▶ _Aim of the task_
Copy the data exactly. Images are to be left out.

▶ _Recorded information_

::::

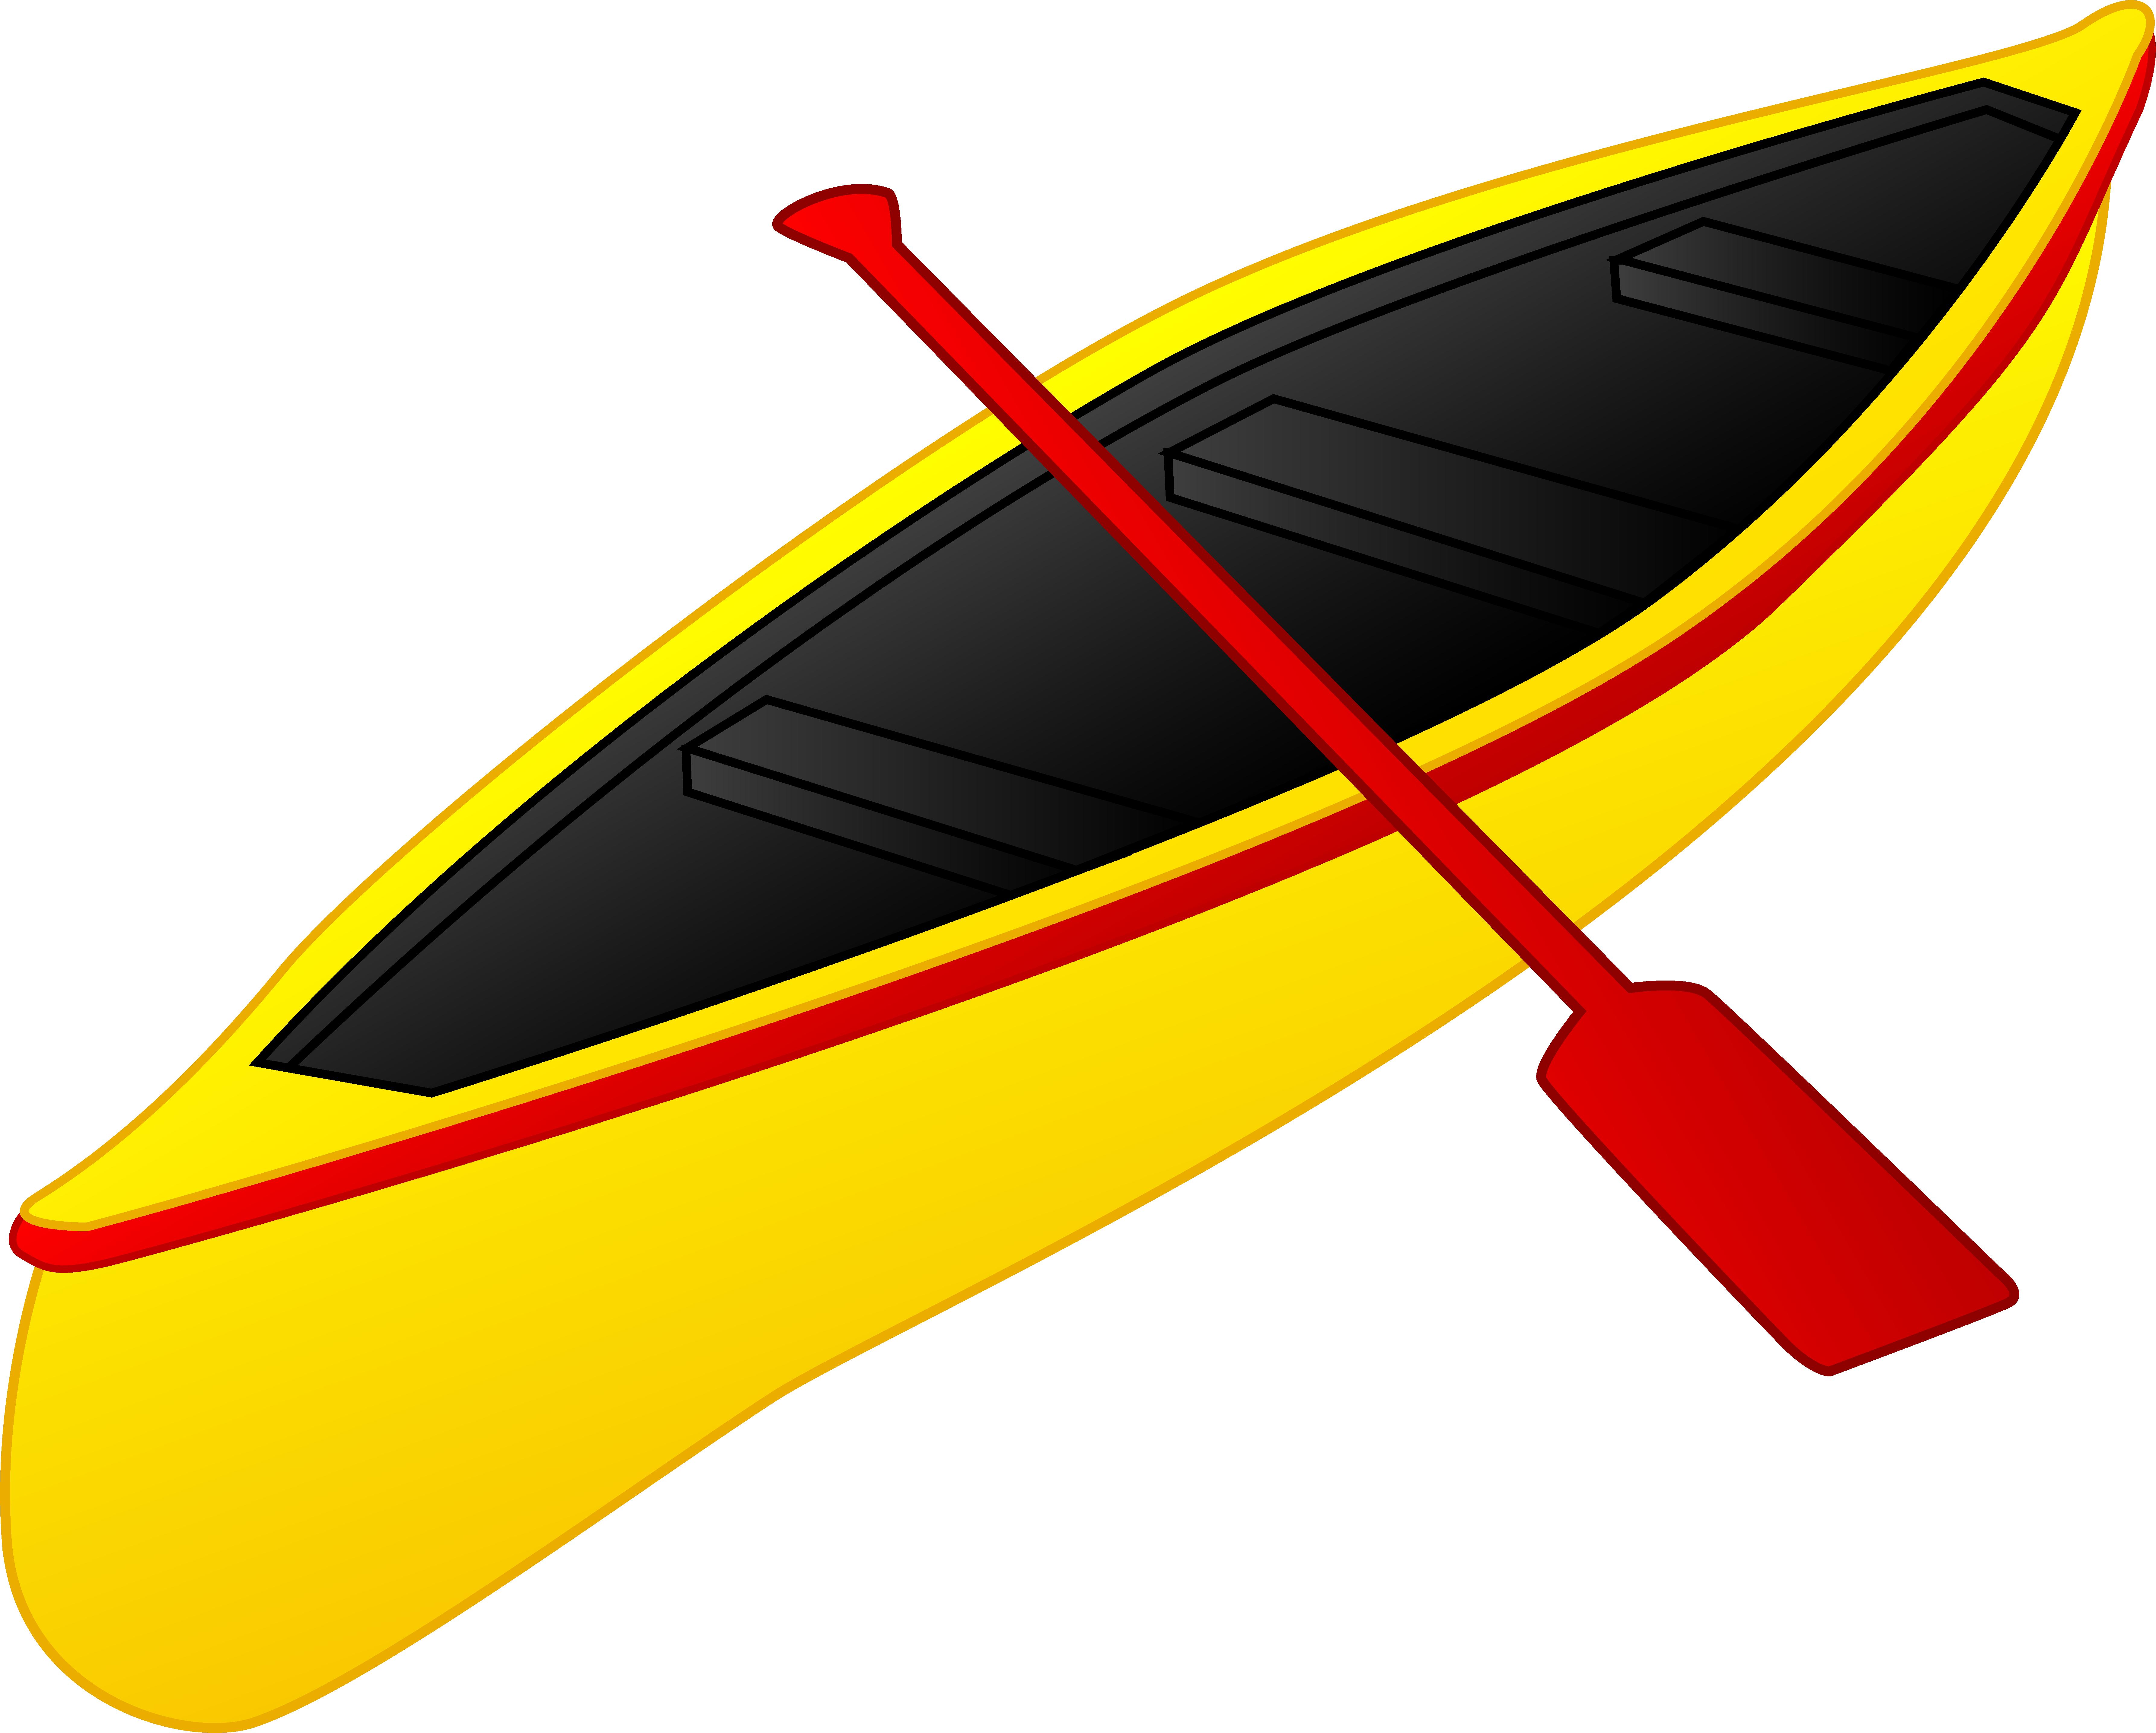 Clipart canoe kayak clip library Free Kayak Cliparts, Download Free Clip Art, Free Clip Art on ... clip library
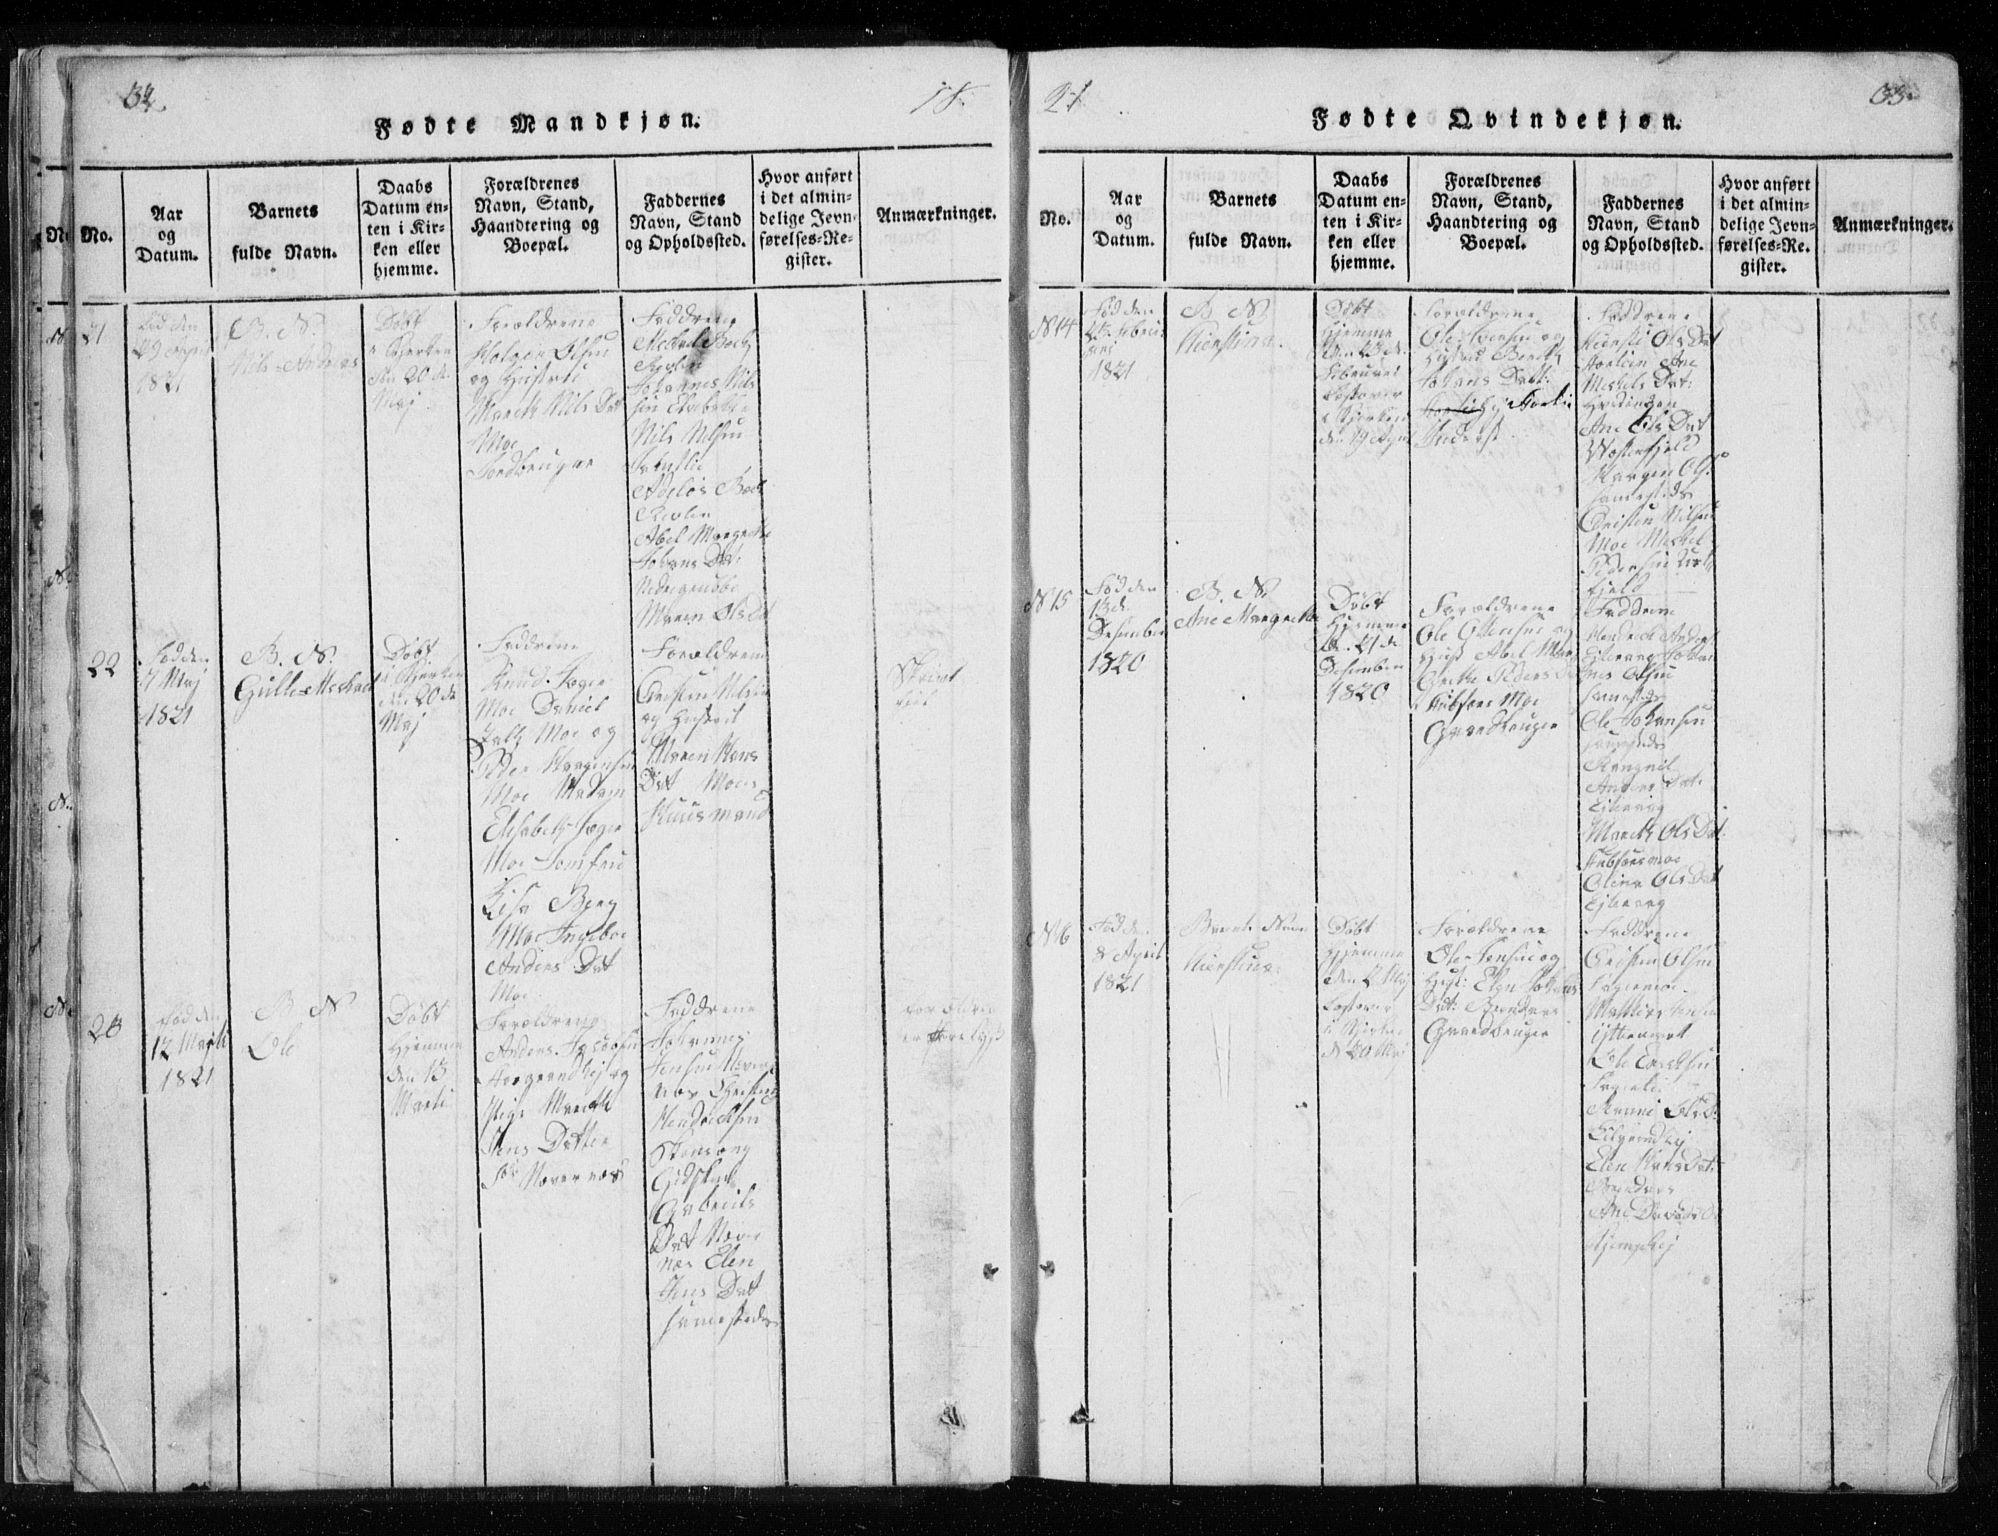 SAT, Ministerialprotokoller, klokkerbøker og fødselsregistre - Nordland, 827/L0412: Klokkerbok nr. 827C01, 1820-1841, s. 32-33
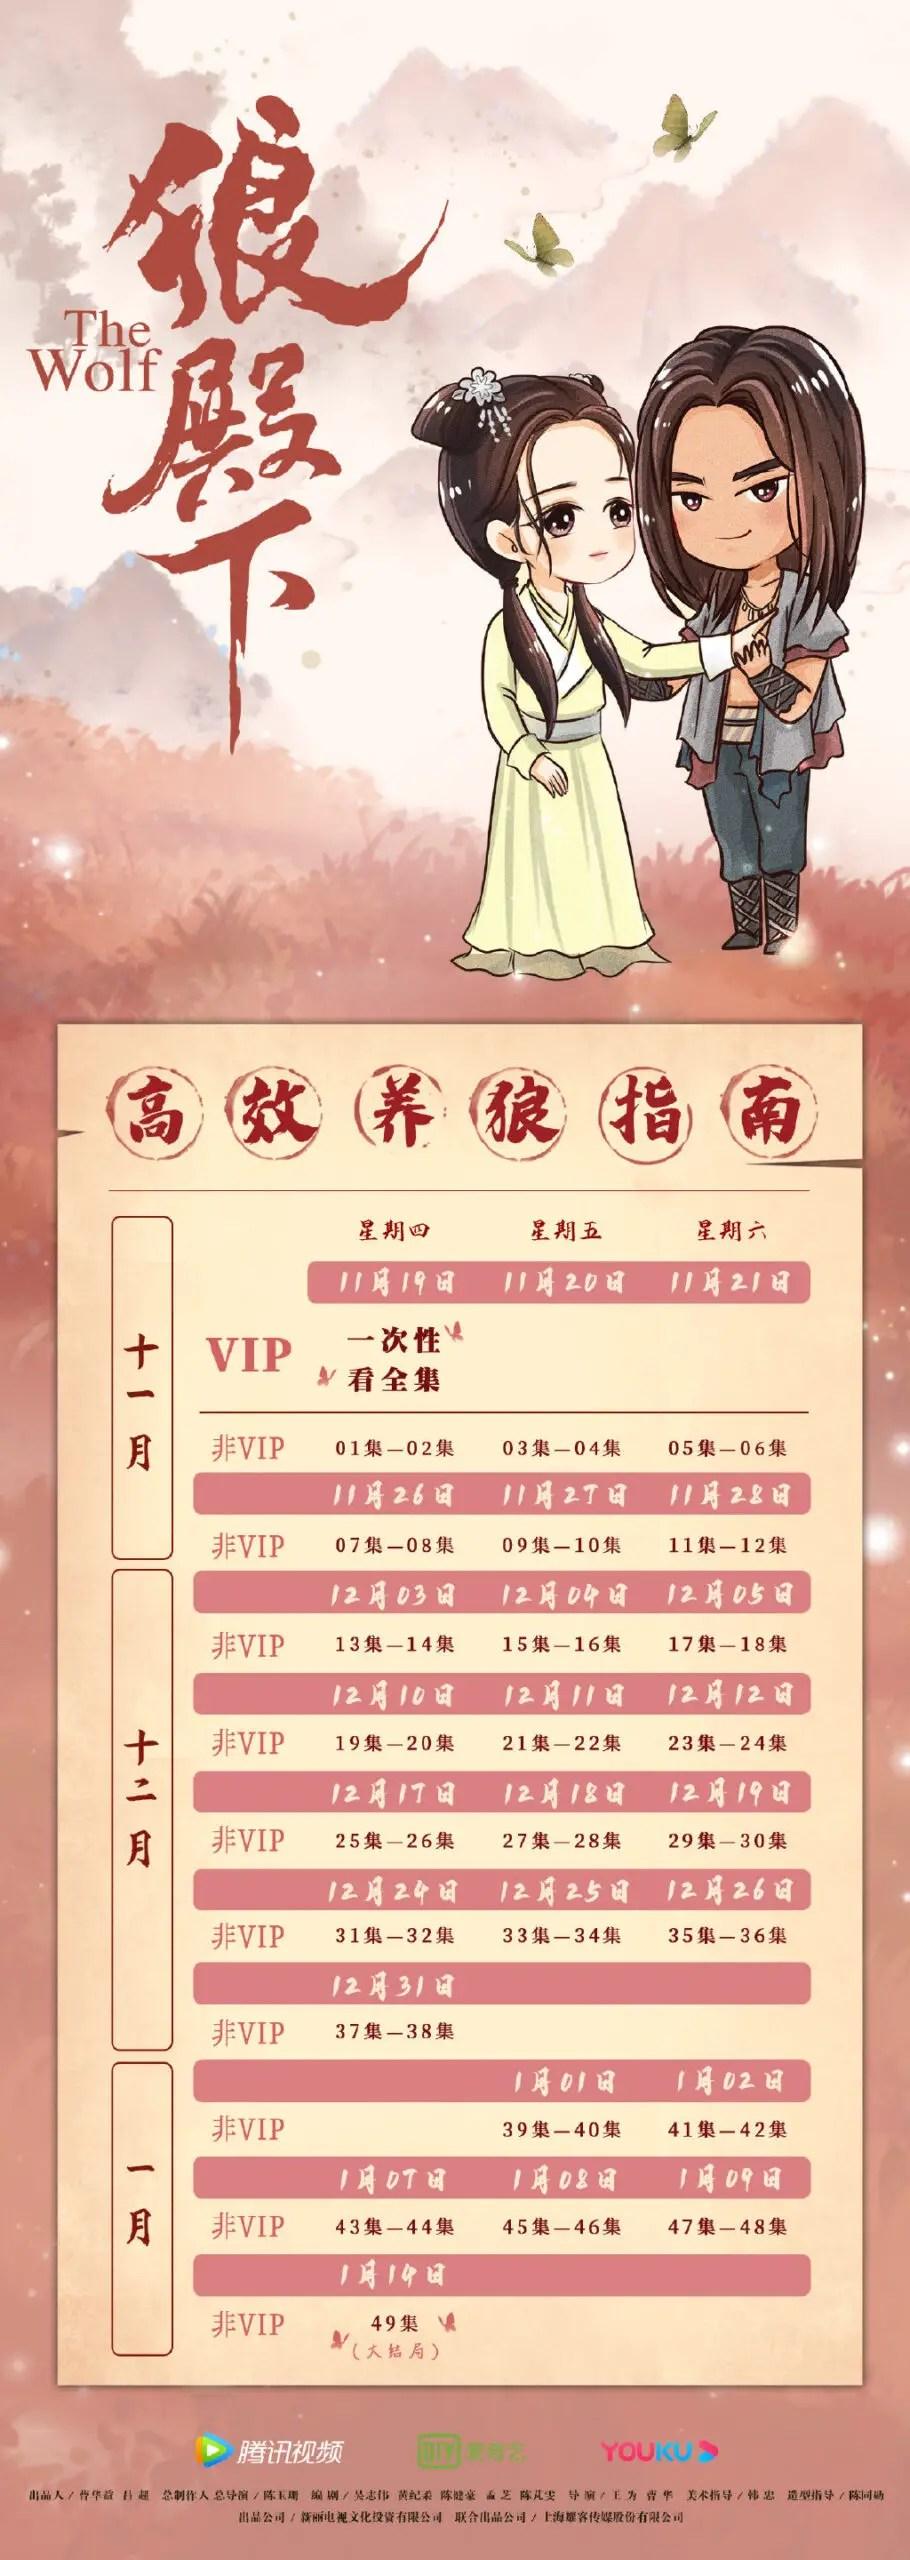 The Wolf Chinese Drama Airing Calendar

::::

▶ _The completed task_
 Clipart canoe kayak clip library Free Kayak Cliparts, Download Free Clip Art, Free Clip Art on ... clip library
 SAT, Ministerialprotokoller, klokkerbøker og fødselsregistre - Nordland, 827/L0412: Klokkerbok nr. 827C01, 1820-1841, s. 32-33
 The Wolf Chinese Drama Airing Calendar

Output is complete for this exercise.